Au début des années 90, notre ami Jean-Baptiste Stenpien, que l’on rencontrera plus tard sous son nom de DJ Another Pixel, se prenait la vague Techno en pleine face. À partir de là, il n’eut qu’une obsession : fouiller ce genre futuriste dans ses moindres recoins et le défendre par la musique, bien entendu, mais aussi par les mots. De cette volonté est née la série « Musicorama », découpée en quatre volets et diffusée à l’époque via le fanzine ZicBoom, que nous vous proposons de redécouvrir dans nos pages. Nous laissons la parole à l’auteur.

Nous remettons en avant aujourd’hui cette série d’article car il semble plus qu’essentiel d’insister sur l’histoire d’une musique militante, noire,devenue objet banal de notre quotidien. Pour mieux comprendre, connaitre et découvrir toutes les richesses des musiques et ce que les communautés noires et afro-américaines ont apportées. 
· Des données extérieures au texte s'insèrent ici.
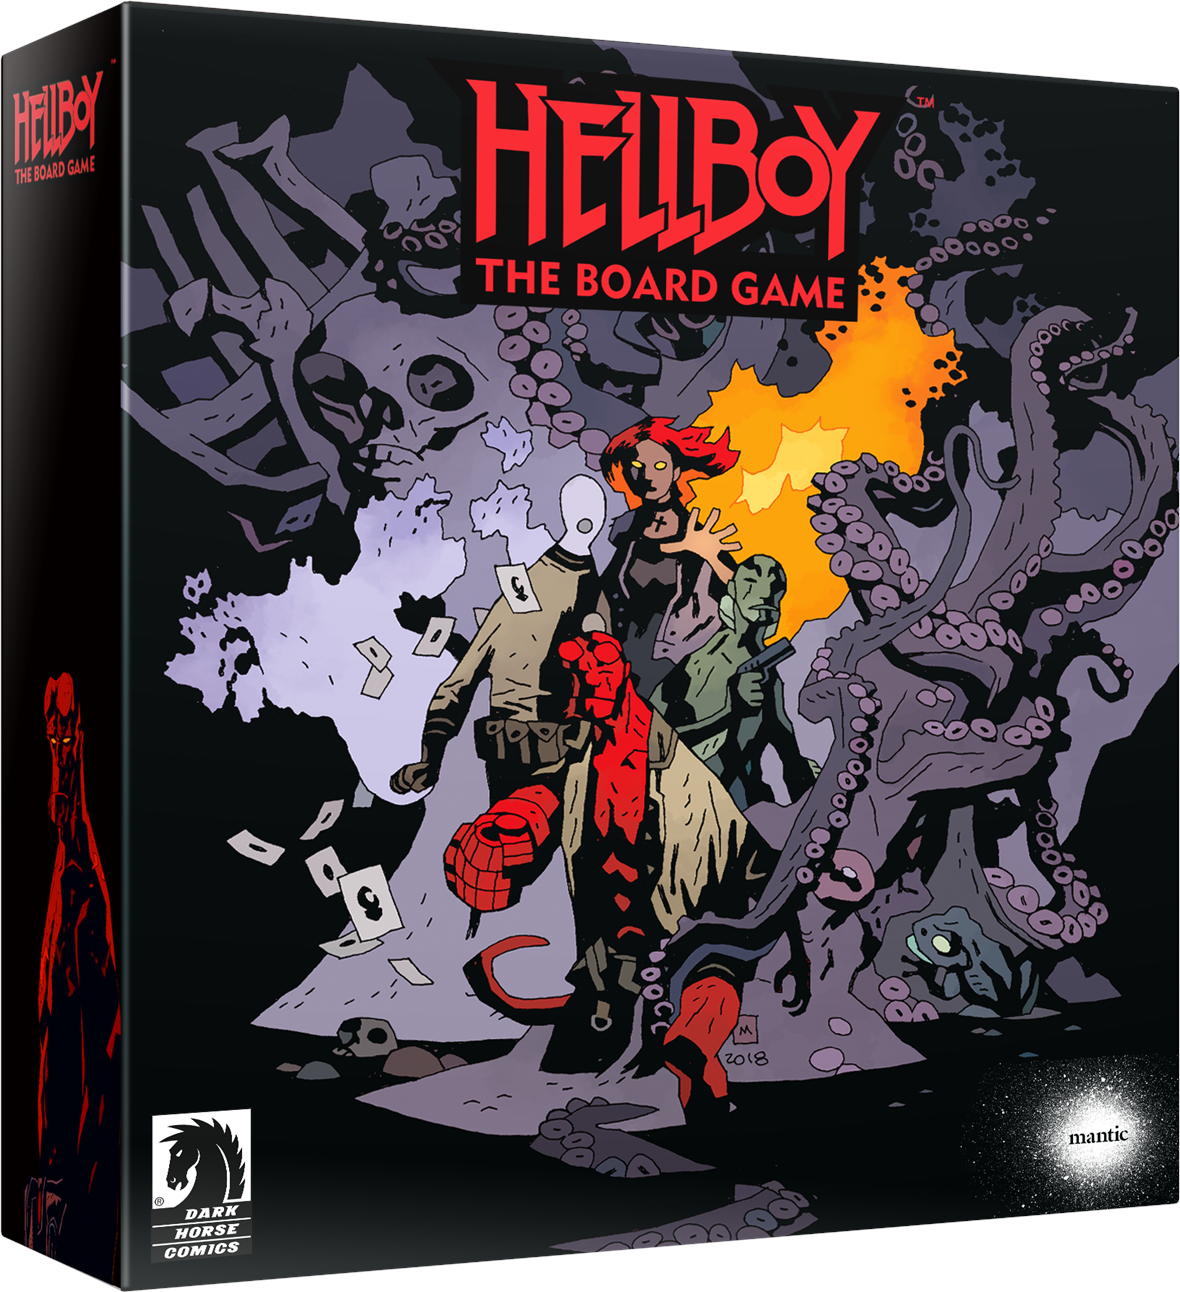 Hellboy: The Board Game (Kickstarter Exclusive Edition + Doors + Scenery + Box Full of Evil)
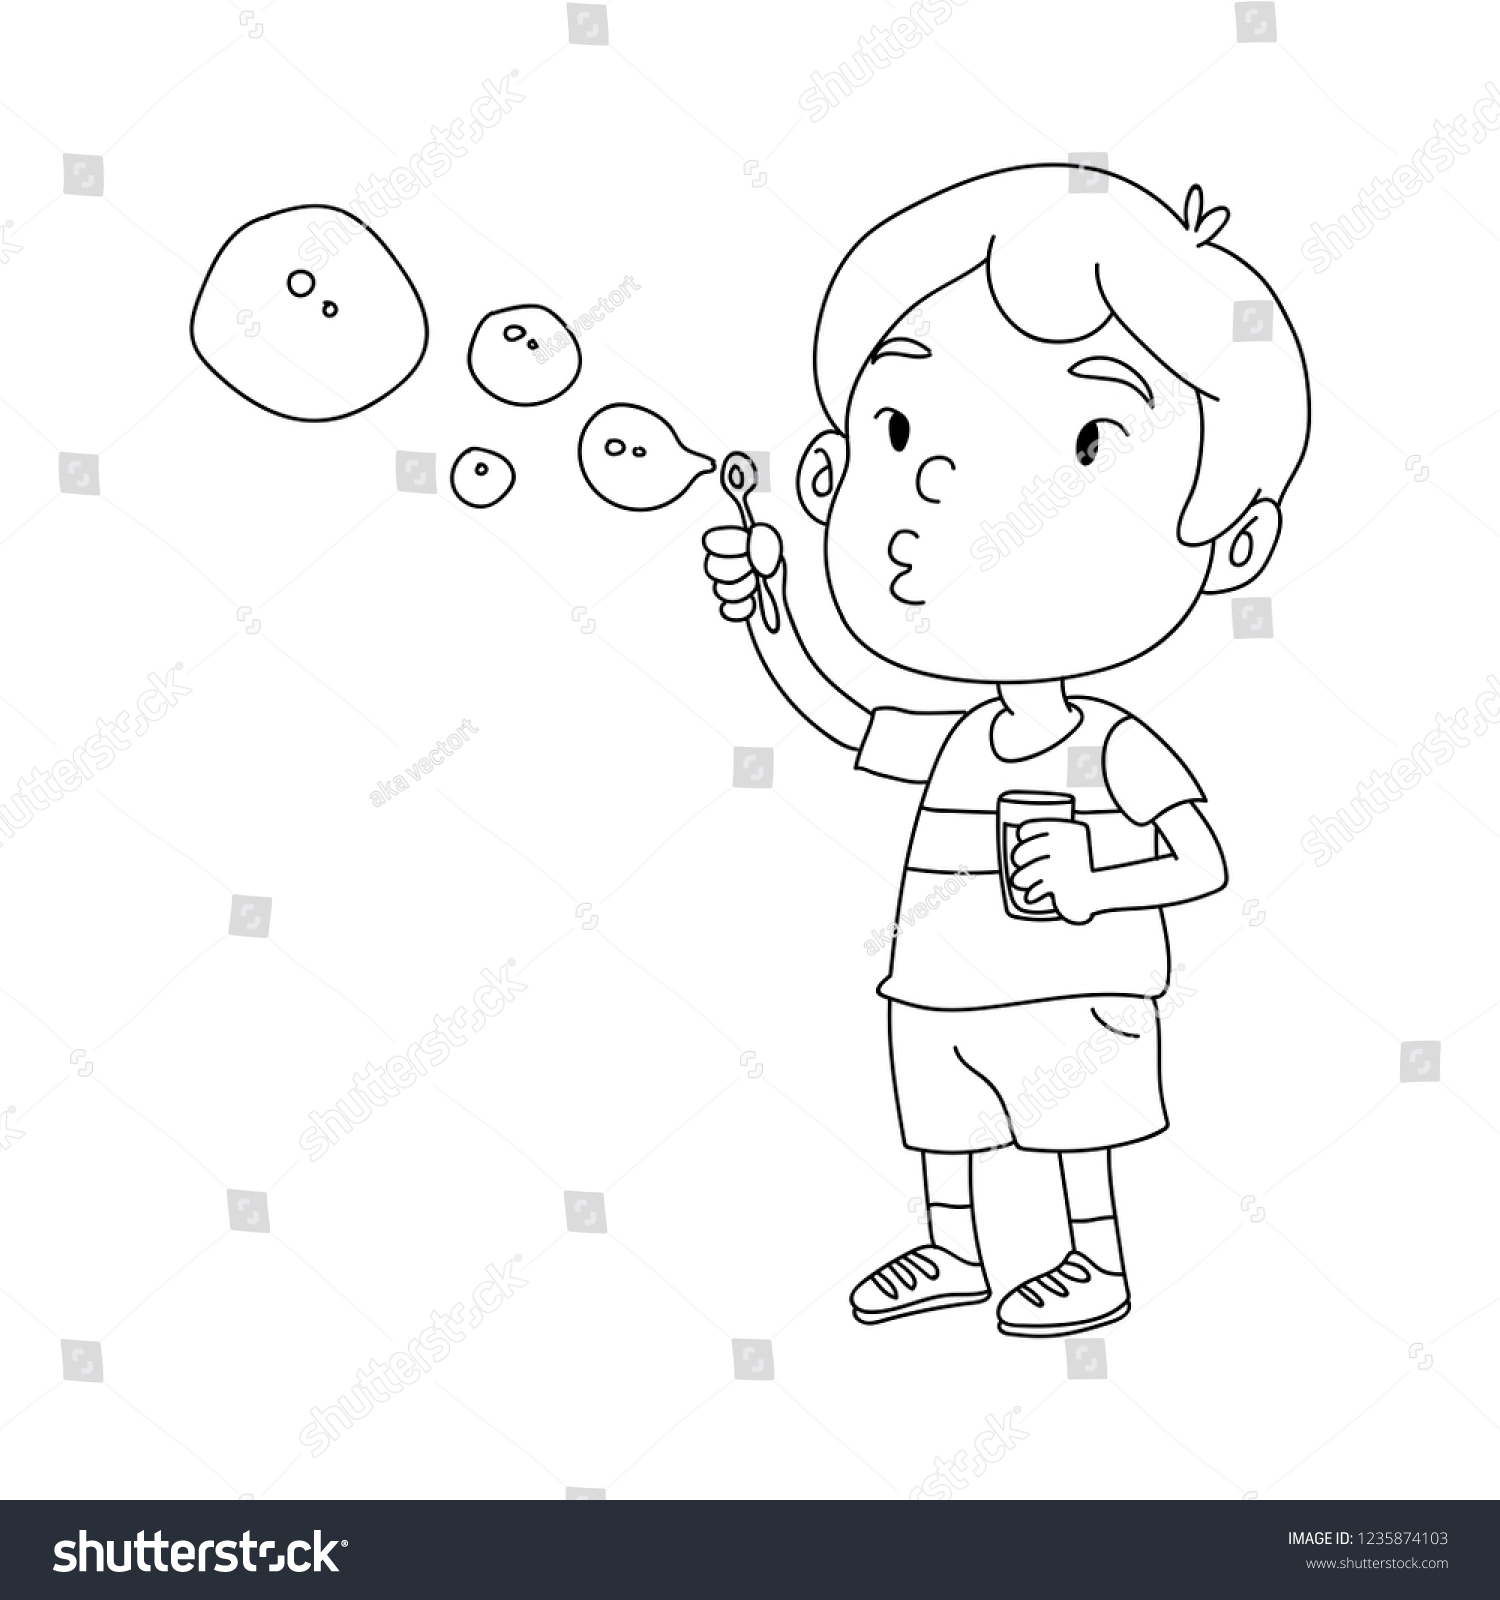 Kid Blowing Bubbles Outline Hand Drawn Stock Vector Royalty Free

Pour aller plus loin sur la Techno et la ville de Détroit, nous avons listé une série de livres indispensables

 

En 1992, la découverte nocturne de la fantasmagorique Techno Soul de Détroit a été un vrai choc pour l’enfant de 12 ans que j’étais … Projeté dans un univers étrange dont je ne suis jamais ressorti, j’ai vite voulu découvrir les origines de ce monde sonore inconnu. Un peu comme un archéologue enquêterait sur les origines d’une civilisation extra-terrestre, j’ai fouillé et remonté aux sources de cette création futuriste. Je découvris alors que ses origines se trouvaient dans des musiques plus anciennes, aux formes très différentes les unes des autres, mais toutes nées dans des contextes historiques d’une rare intensité.

Comme l’on a envie de crier au monde son amour, j’ai commencé à rédiger, en 2006 et 2007, une série d’articles dans le magazine ZicBoom, distribué à l’époque dans les salles françaises de Musiques Amplifiées. Cette série, que j’ai appelée « Musicorama », raconte avec passion les contextes socio-économiques et culturels qui ont participé à faire naître quatre piliers de la Techno : Soul, Krautrock, Disco, Hip-Hop. 

Après avoir exploré la Soul dans notre premier épisodele Krautrock dans le second puis la fièvre Disco, quatrième et dernier arrêt : New York City encore, et le Hip-Hop. Une playlist vous attend.

Photos : Afrika Bambaataa et la Zulu Nation, danseurs dans le Bronx, DR.

19 mai 1968, parc Marcus Garvey, Harlem Est. Une foule s’est retrouvée pour fêter l’anniversaire de la naissance de Malcom X. Parmi les frères spirituels du pasteur, Gylan Kain, David Nelson et Abiodun Oyewole, trois afro américains animés par une lutte qu’ils estiment inachevée : le combat pour l’émancipation du peuple noir. Ils décident alors en cette journée de printemps, de donner naissance aux Last Poets.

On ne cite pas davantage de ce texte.